Imagine if all of this came in one device. A TV+DVD+HDR+Console-in-one. Imagine what it would cost. If only one part broke, I would have to get everything anew. I would never be able to move it abroad, because the HDR is tied to my cable provider. I would never be able to get the games that do not involve Italian plumbers.

But to be fair, there are also disadvantages to modular systems. Just take a look at the remote control that comes with it:

How to develop Modular Software

Saturday, March 6th, 2010

It’s always good to make software modular. Modular software is strong and healthy, monolithic software is sickly and bedridden. I’ve touched before on how modularity increases adaptability. But modularity also helps to keep software small, nimble and unbloated. I’ll illustrate how we’re applying modular design in BridgeDb.

Modularity is the only known antidote against bloatware. The more features a piece of software has, the larger it has to be. When you don’t use 90% of those features, it’s perceived as a problem. Bloated software takes a long time to start, fills up your hard drive, clogs your tubes. We want bioinformatics developers to use BridgeDb as much as possible, and we don’t want them to complain that BridgeDb is bloated.

For example, BridgeDb supports identifier mapping through several different web services. Some of those webservices are based on SOAP, others on XML-RPC or on REST. For each type of webservice, you need additional libraries. If it was only one monolithic chunk, you’d always need several megabytes of library dependencies.

You may say: “A few megabyte, so what?”. When I was at mediamarkt the other day, I couldn’t even find memory sticks smaller than 2 Gb anymore. But size still matters when you expect fast download times. For example WikiPathways uses BridgeDb on each pathway page. Bigger libraries means longer load times, which means annoyed users.

We want many features, but we don’t want bloat. The solution is to cut BridgeDb up into many small pieces, where you can choose the ones you need, and ignore the rest. You also don’t need the dependencies of the parts you ignore.

So how do you decide which pieces of BridgeDb you need? I’ve compiled this handy graph. On the right side, you see all the different “features” (i.e. identifier mapping services) that you can choose. Follow the arrows to the left, and note the modules that you encounter. Those are the modules you need for that mapping service.

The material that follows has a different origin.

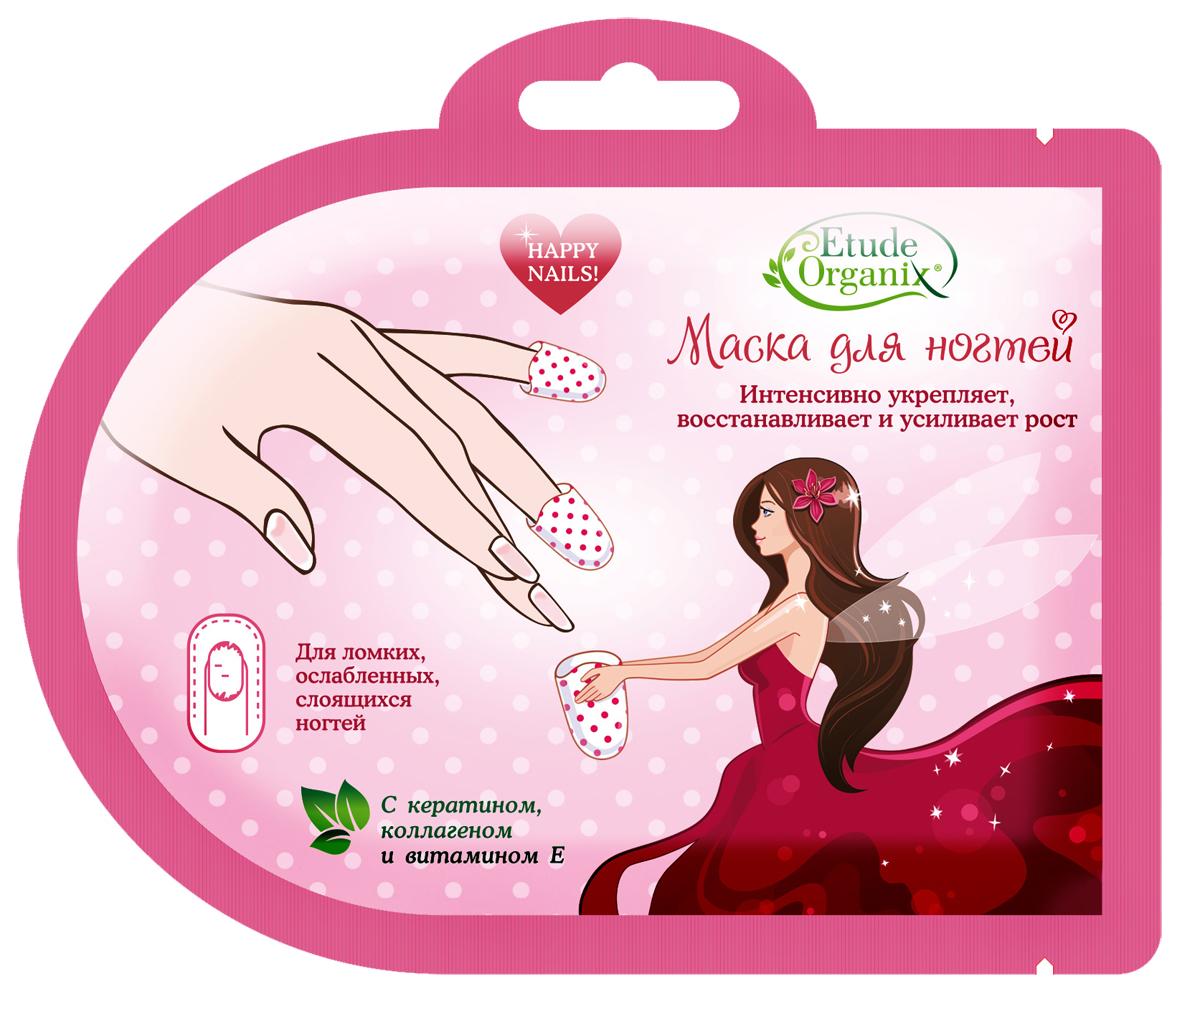 Маска для ногтей, 5 сашеFS-00897Набор масок для ногтей. Комбинация коллагена и протеина сои (растительного кератина) восстанавливает структуру и защитные свойства ногтя, стимулирует деление клеток, способствует усиленному росту ногтевой пластины. Сочетание витамина Е с ценными маслами макадамии и манго препятствует расслоению, превосходно питает ногти и смягчает кутикулу, защищая ее от растрескивания и заусенцев. Инновационная маска Etude Organix плотно обволакивает каждый ноготок, обеспечивая максимально глубокое проникновение активных компонентов. Ногти становятся крепкими, гладкими и эластичными!Маска рекомендована для ухода за ломкими, слоящимися и медленно растущими ногтями, а также подходит для восстановления ногтей, ослабленных частым окрашиванием и наращиванием. Упаковка из 5 масок.

If you’re getting started with modular software development, I can give you a few tips. You really don’t need any of those terribly complicated frameworks like Maven or OSGi. All you need is a good IDE like Eclipse and a bit of determination.

You have to be careful to manage the boundaries between modules. Eclipse can help you a great deal with this. Put each module in its own directory. In your Eclipse workspace, set up a separate project for each module, and add dependent projects in each project build path. This way you can never introduce cyclic dependencies or go across module boundaries. Eclipse will simply refuse to find the class and flag it as a compiler error.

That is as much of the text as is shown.